Contre la Russie, les attaques sont plus âpres. Le grand-duc Nicolas, surtout, est honoré d’une haine incessante et multiforme. Hindenburg l’enserre de ses griffes, fatales comme le Destin, selon le caricaturiste de l’an dernier, détrompé aujourd’hui ; ou bien il est nommé généralissime des blessés alliés, comme ayant été le plus mutilé de tous ; ou enfin, assis à une table de jeu, il voit le râteau de la Mort, sinistre croupier, tirer, hors de ses mains vides, ses derniers hommes. Ces images, qui n’ont aucun sens réel, montrent pourtant la crainte que l’invasion russe inspire aux Allemands. Pour se défaire de ce cauchemar, ils comptent surtout sur la Révolution. Innombrables sont les images qui invoquent le peuple russe contre le Tsar, dans l’Ulk, dans le Wahre Jacob, dans le Kladderadatsch et jusque dans la Muskete de Vienne. D’où l’on voit que la parfaite tranquillité de la Russie doit être, aujourd’hui, l’une des plus amères désillusions du peuple allemand.

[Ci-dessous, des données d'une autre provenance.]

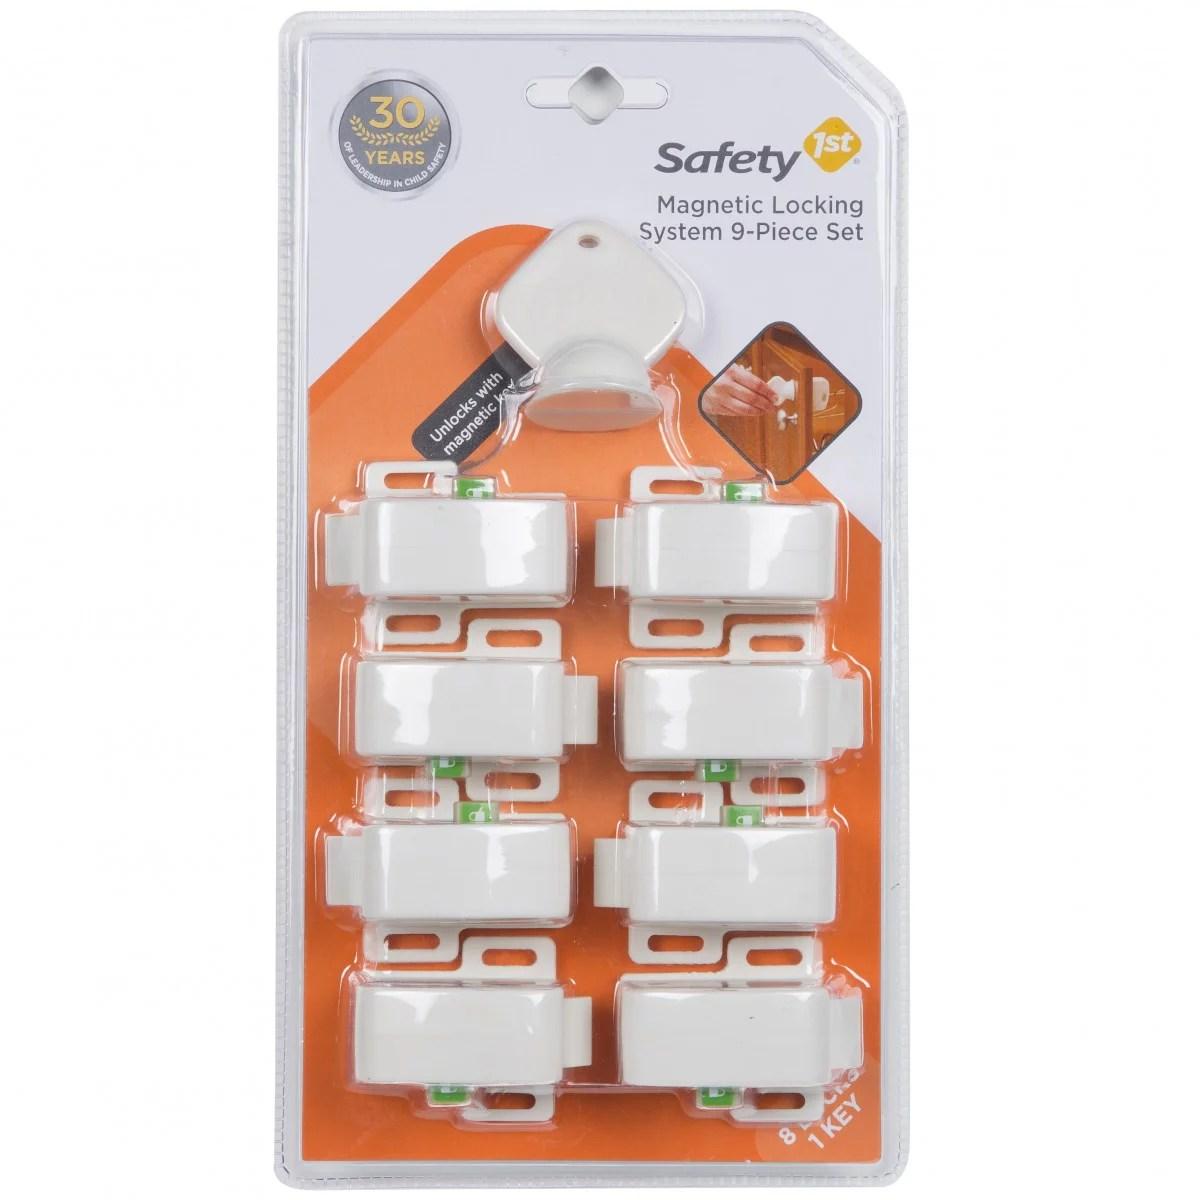 Safety 1st Complete Magnetic Locking System 8 Locks

La Serbie est honorée d’une haine presque égale. Si l’esprit chevaleresque dominait jamais le monde, il y a un coin où l’on serait sûr, encore, de ne pas le rencontrer : ce serait l’Ulk, à Berlin. Ce journal a représenté un moribond, affaissé dans une petite voiture, avec, sur les genoux, une couverture brodée d’une couronne royale. Il est coiffé du képi serbe. Devant lui, debout, un gros homme, un hercule coiffé d’un fez, salue militairement : « Je ne sais pas si vous me reconnaissez, dit le Turc avec un gros rire, je suis l’Homme malade ! » L’Italie n’est pas mieux traitée. Ses dirigeans sont, d’ordinaire, montrés emboîtant le pas à un fou, chauve, couronné de lauriers, armé d’une lyre et qui les conduit aux abîmes... Depuis Lamartine, nul poète, assurément, n’avait été autant caricaturé que M. d’Annunzio.